- **Task item**
Please reproduce all of the listing below exactly and drop its images.

- **Dataset excerpt**
————————
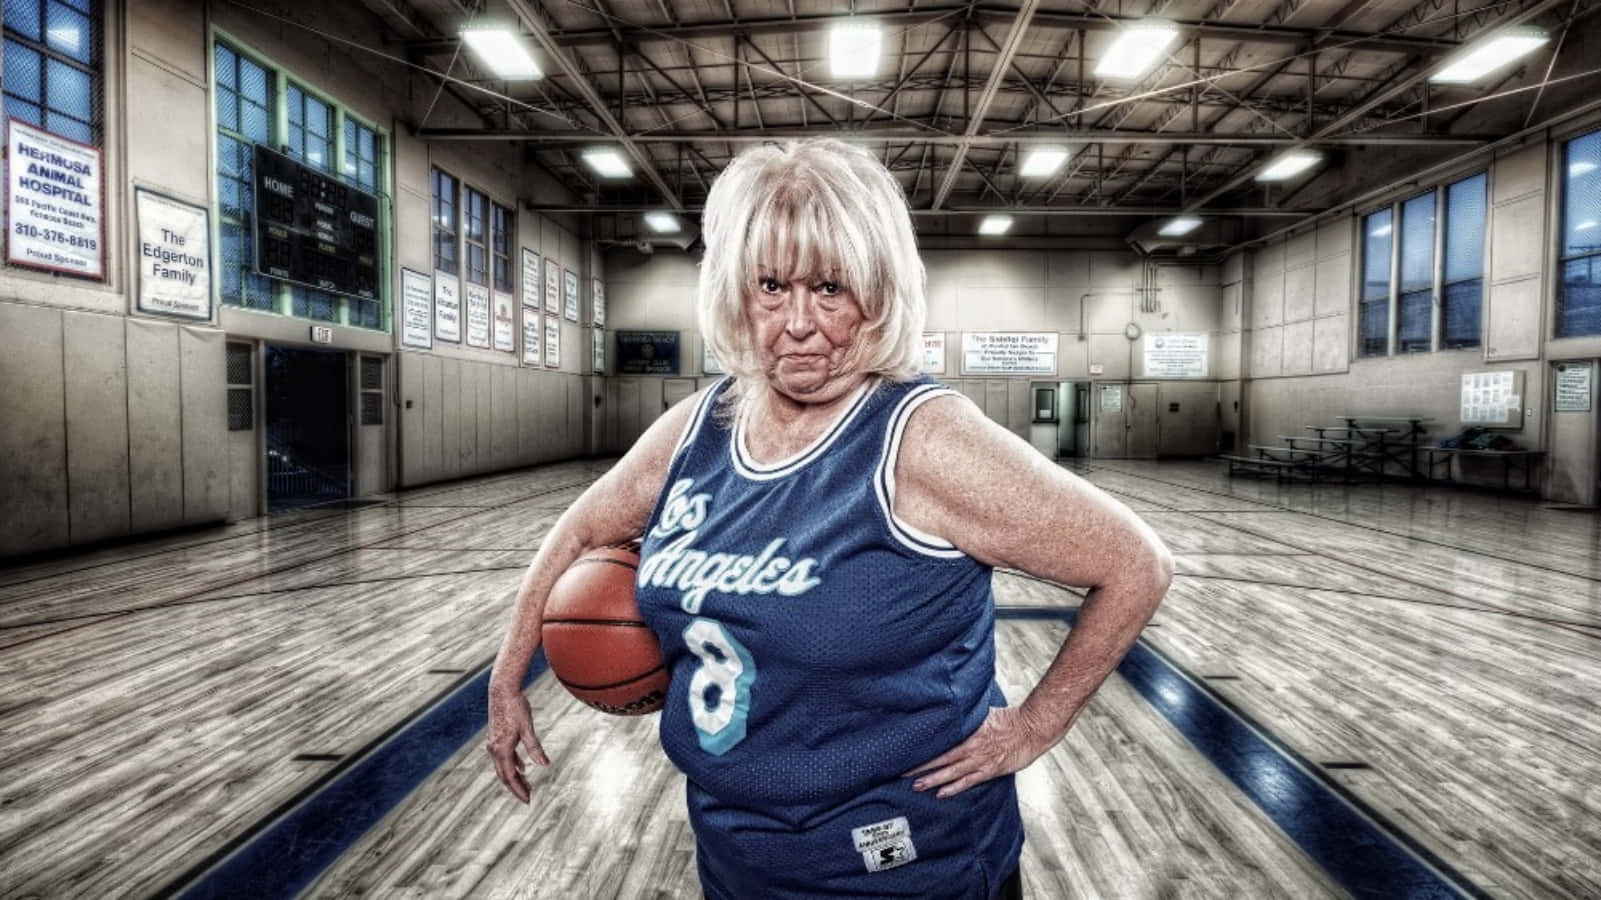 Divertidasfotos De Una Anciana Jugando Al Baloncesto.
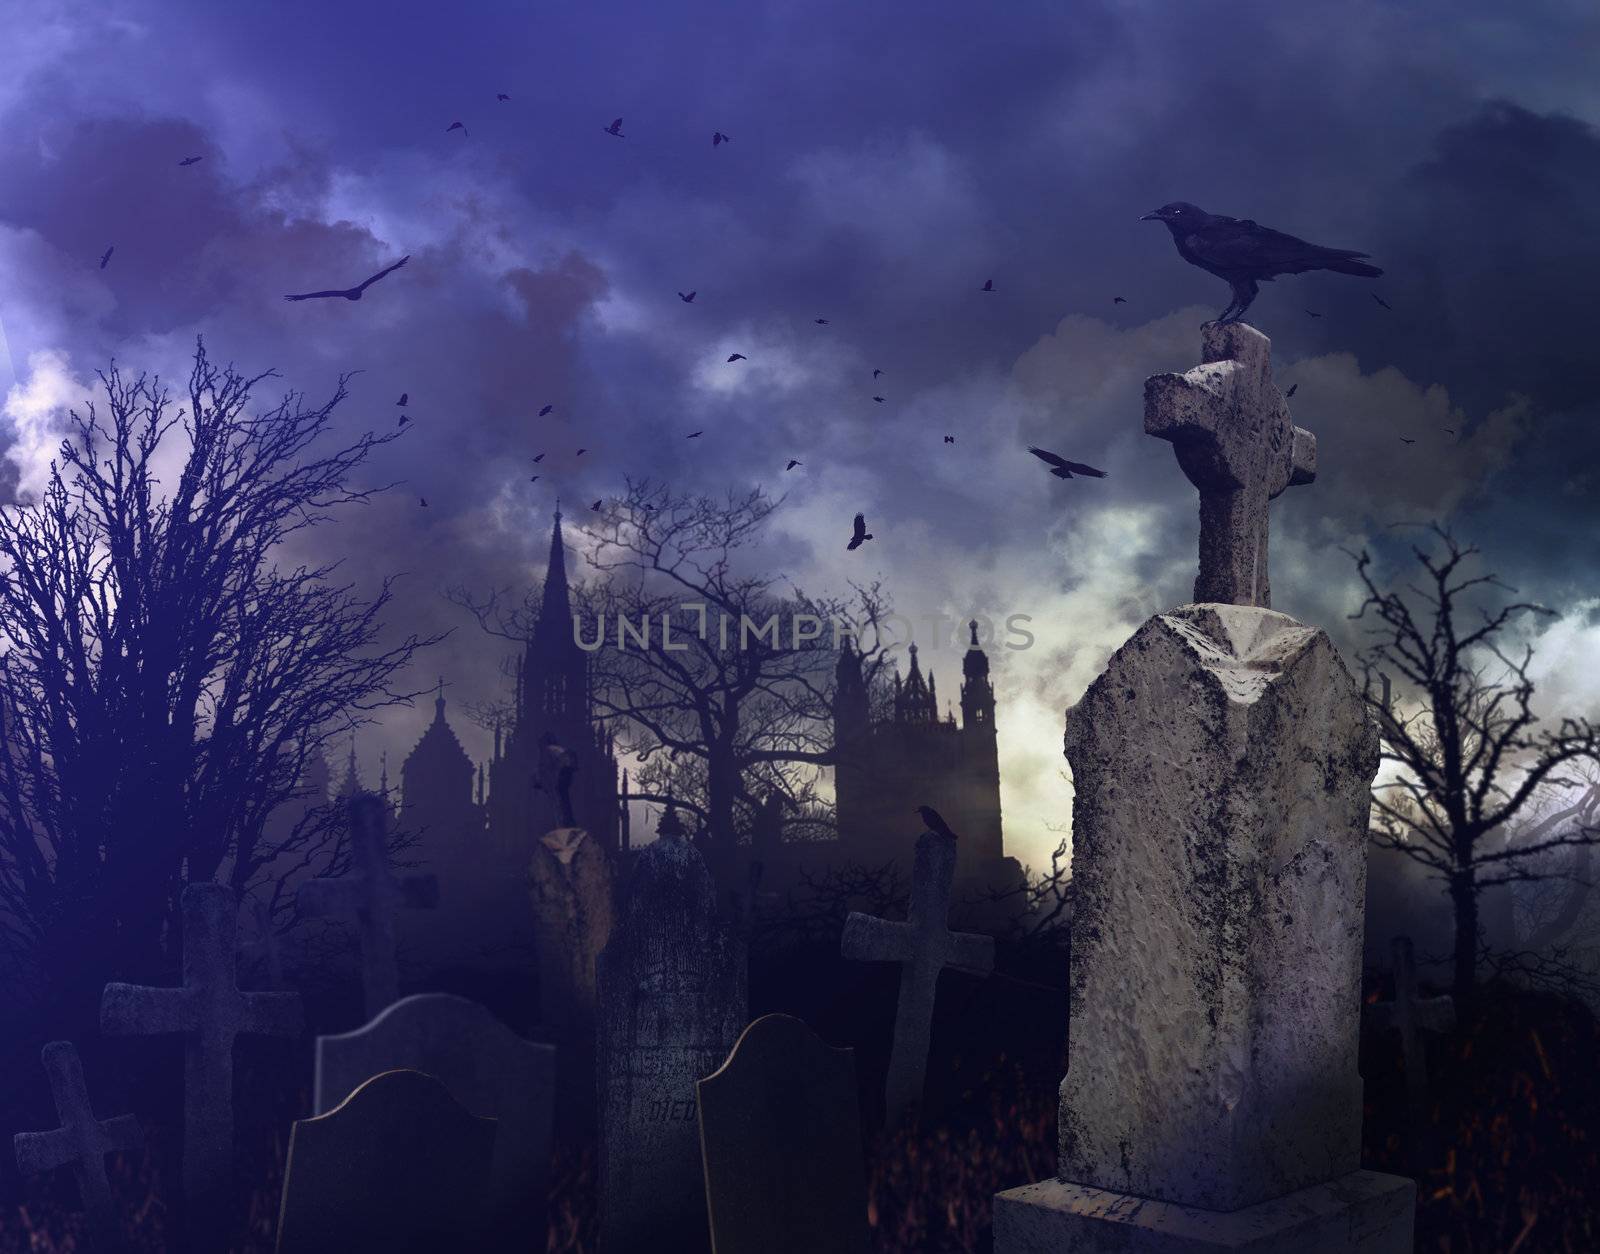 Halloween night scene in a spooky graveyard
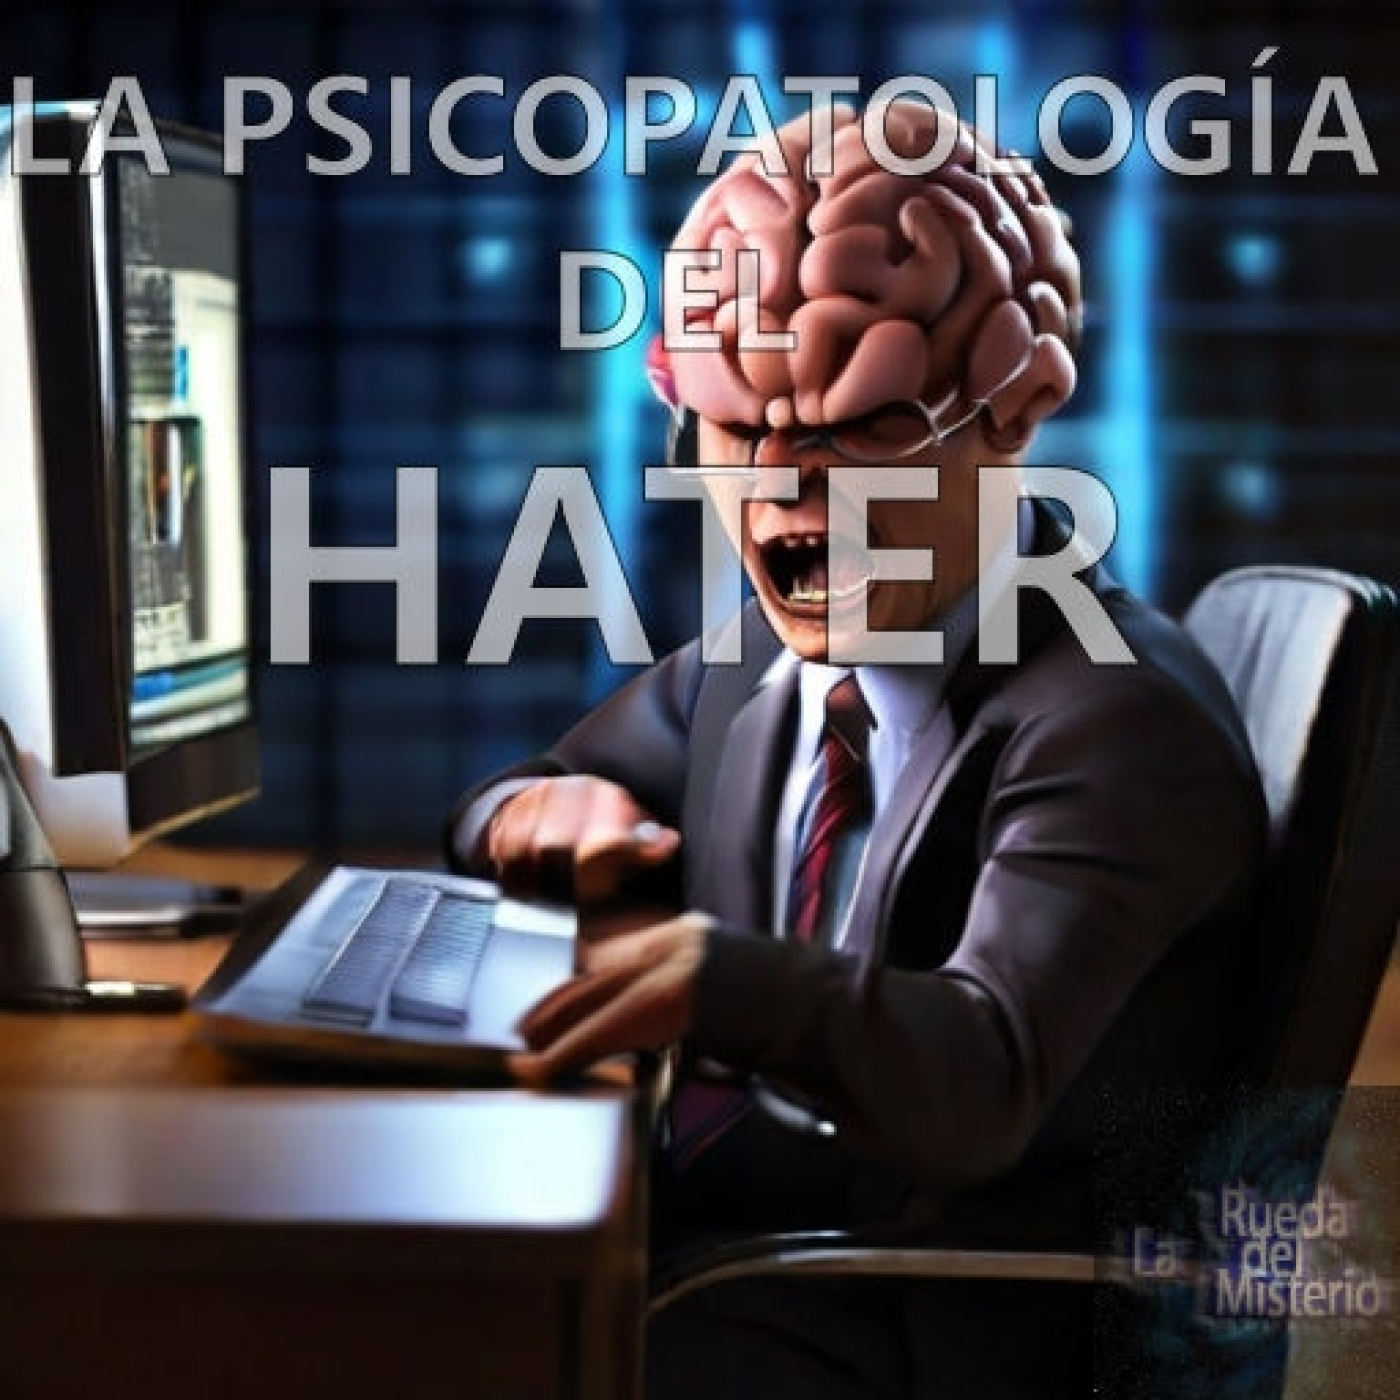 La Psicopatología del Hater. - Episodio exclusivo para mecenas
————————
- **Output**
 Divertidasfotos De Una Anciana Jugando Al Baloncesto.
 Halloween night scene in a spooky graveyard
 La Psicopatología del Hater. - Episodio exclusivo para mecenas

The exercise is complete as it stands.